## What this task involves
The full listing is to be returned exactly as given, but without pictures.

## Data below

• • • •

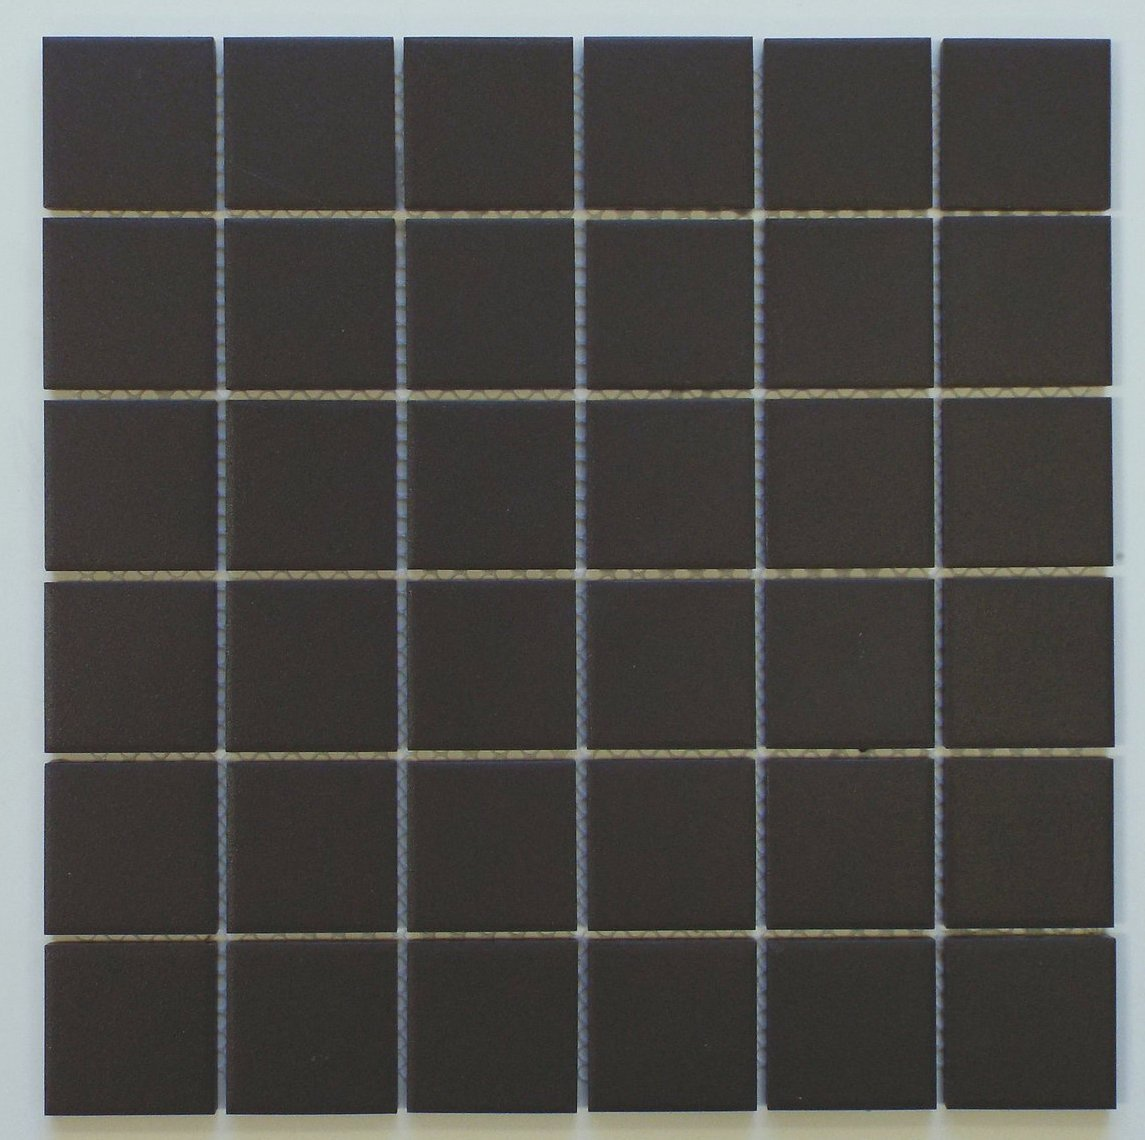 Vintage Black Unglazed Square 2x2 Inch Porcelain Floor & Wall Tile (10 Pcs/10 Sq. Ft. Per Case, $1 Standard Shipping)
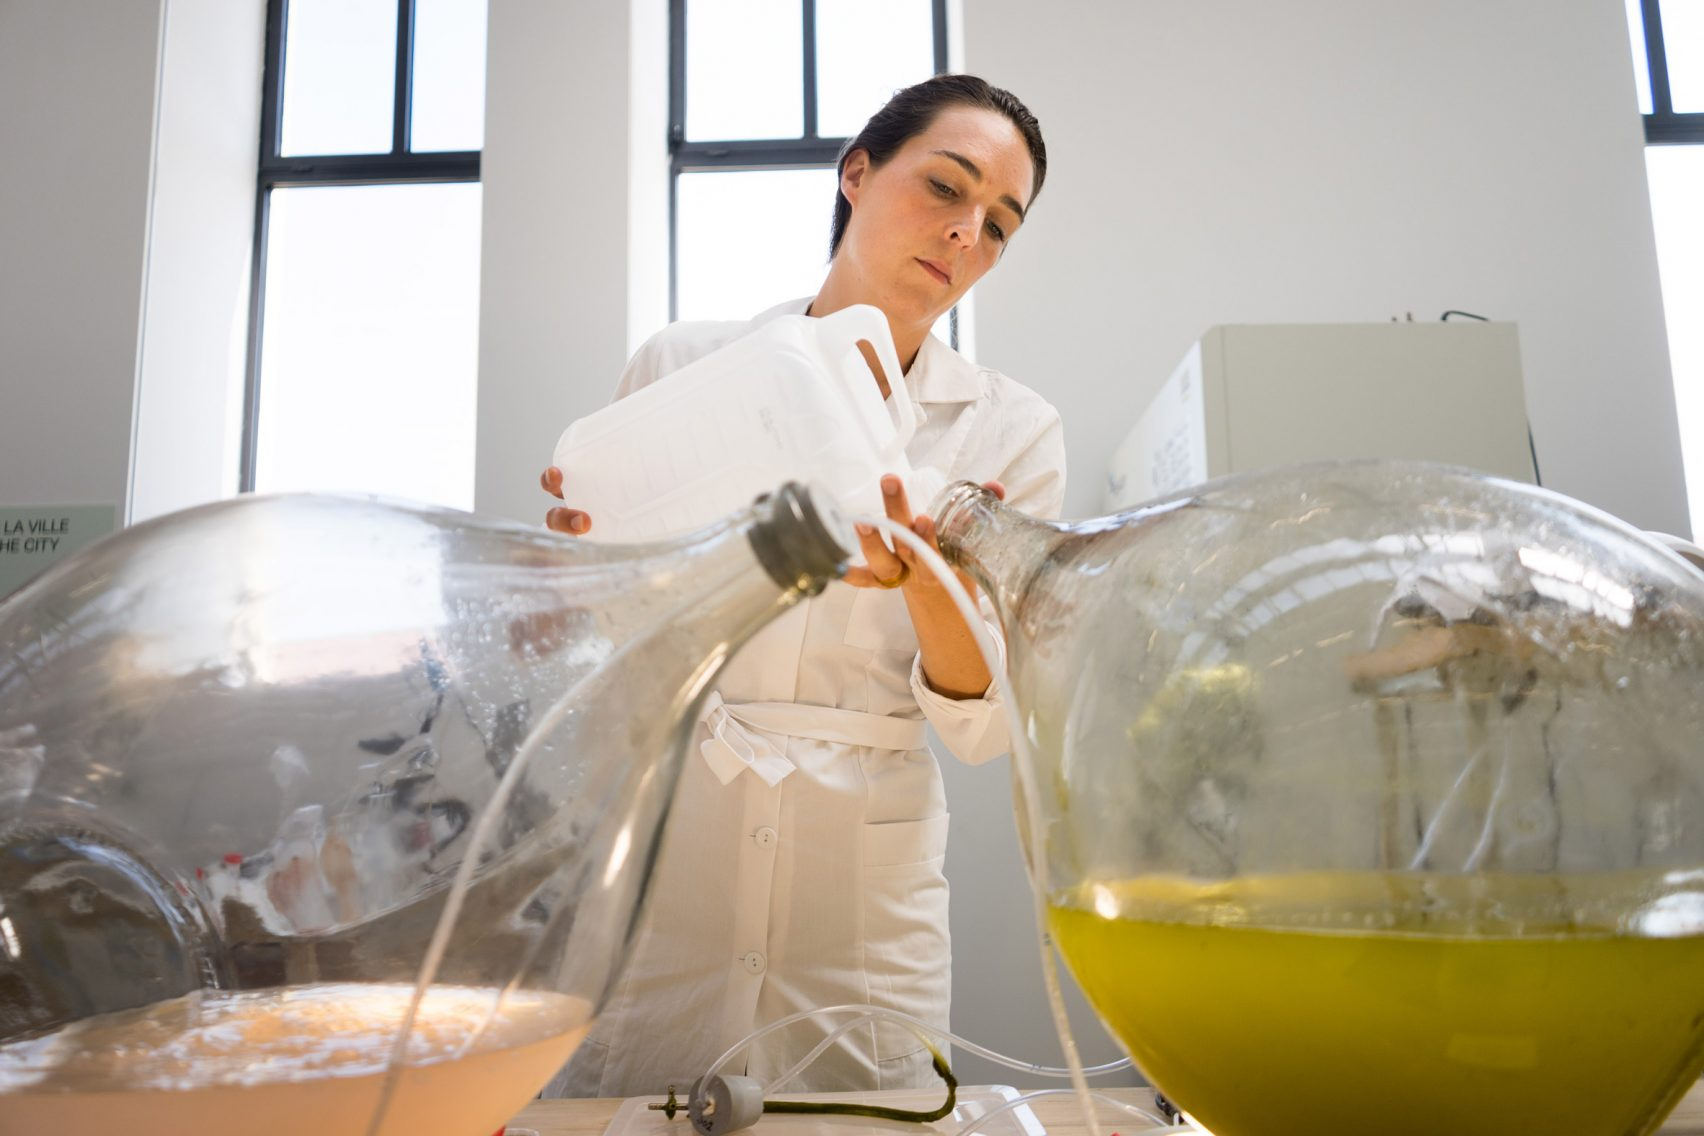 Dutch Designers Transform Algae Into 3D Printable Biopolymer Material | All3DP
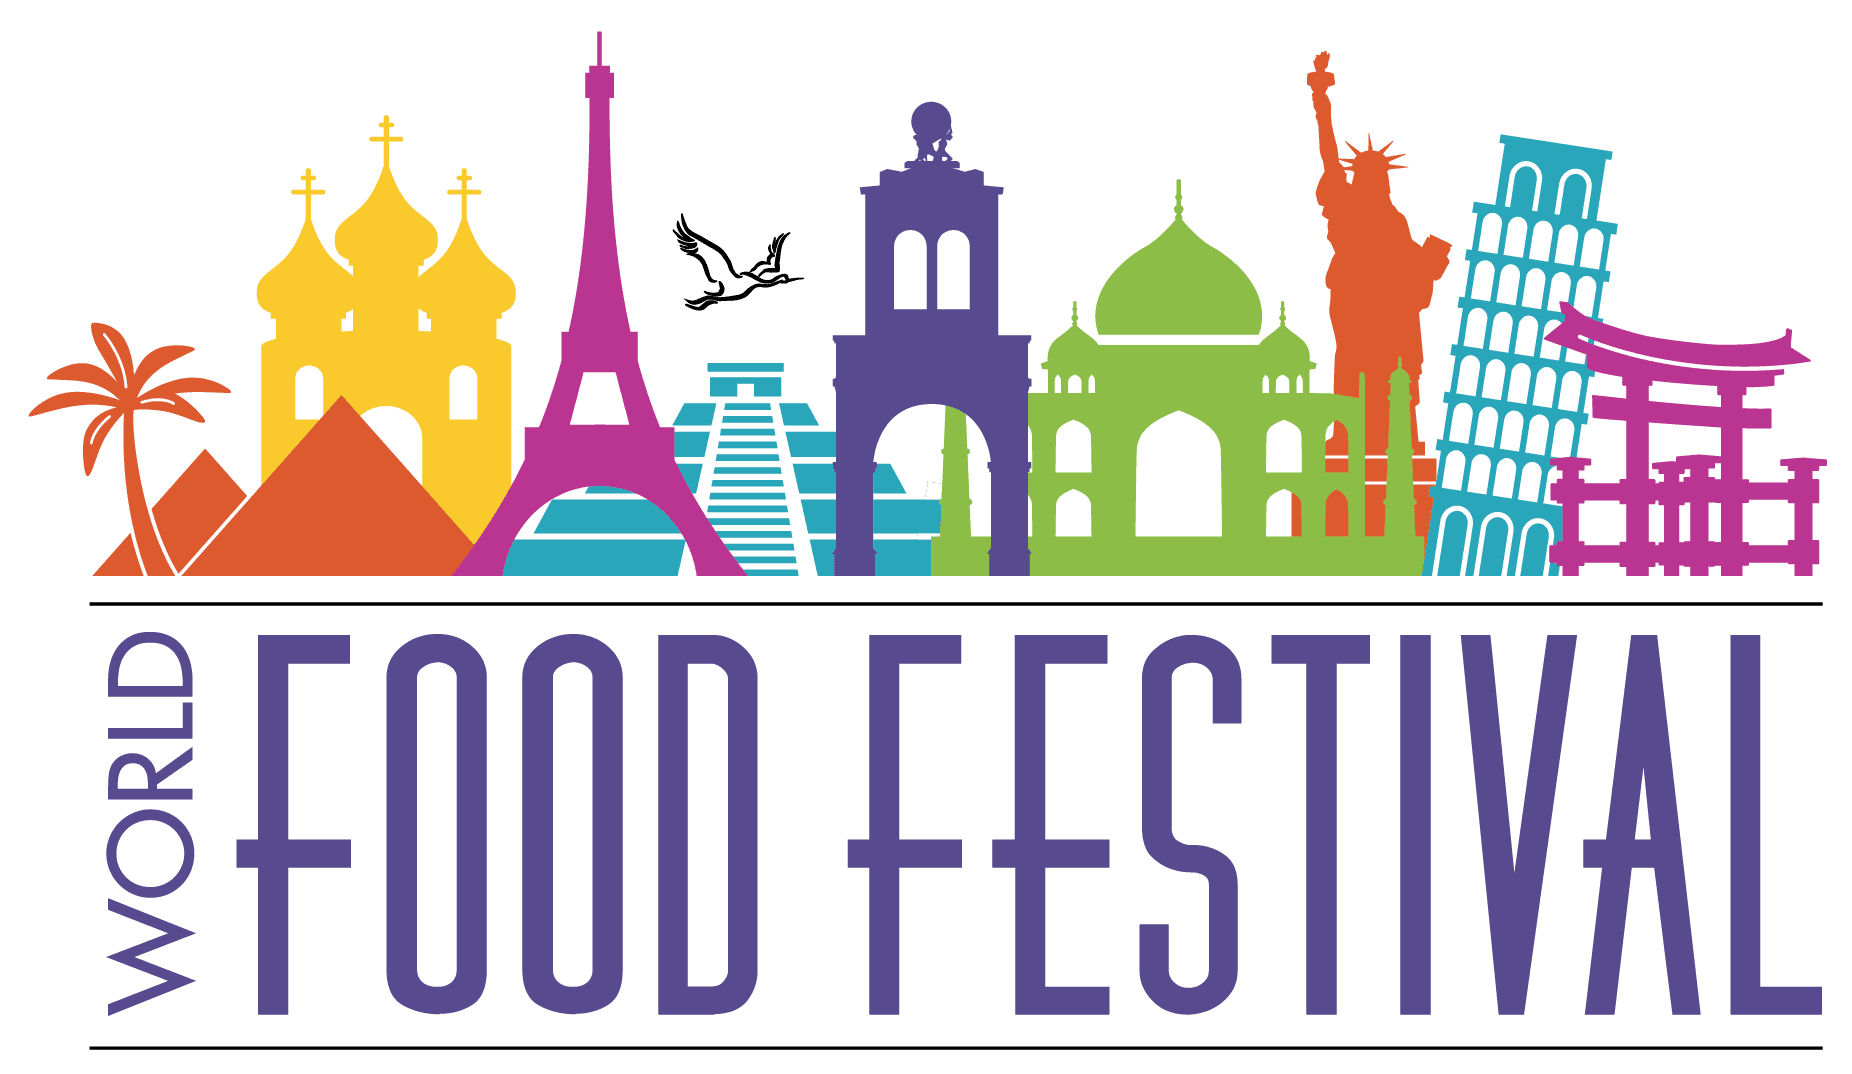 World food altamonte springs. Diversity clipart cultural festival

• • • •

## Solution for this exercise
 Vintage Black Unglazed Square 2x2 Inch Porcelain Floor & Wall Tile (10 Pcs/10 Sq. Ft. Per Case, $1 Standard Shipping)
 Dutch Designers Transform Algae Into 3D Printable Biopolymer Material | All3DP
 World food altamonte springs. Diversity clipart cultural festival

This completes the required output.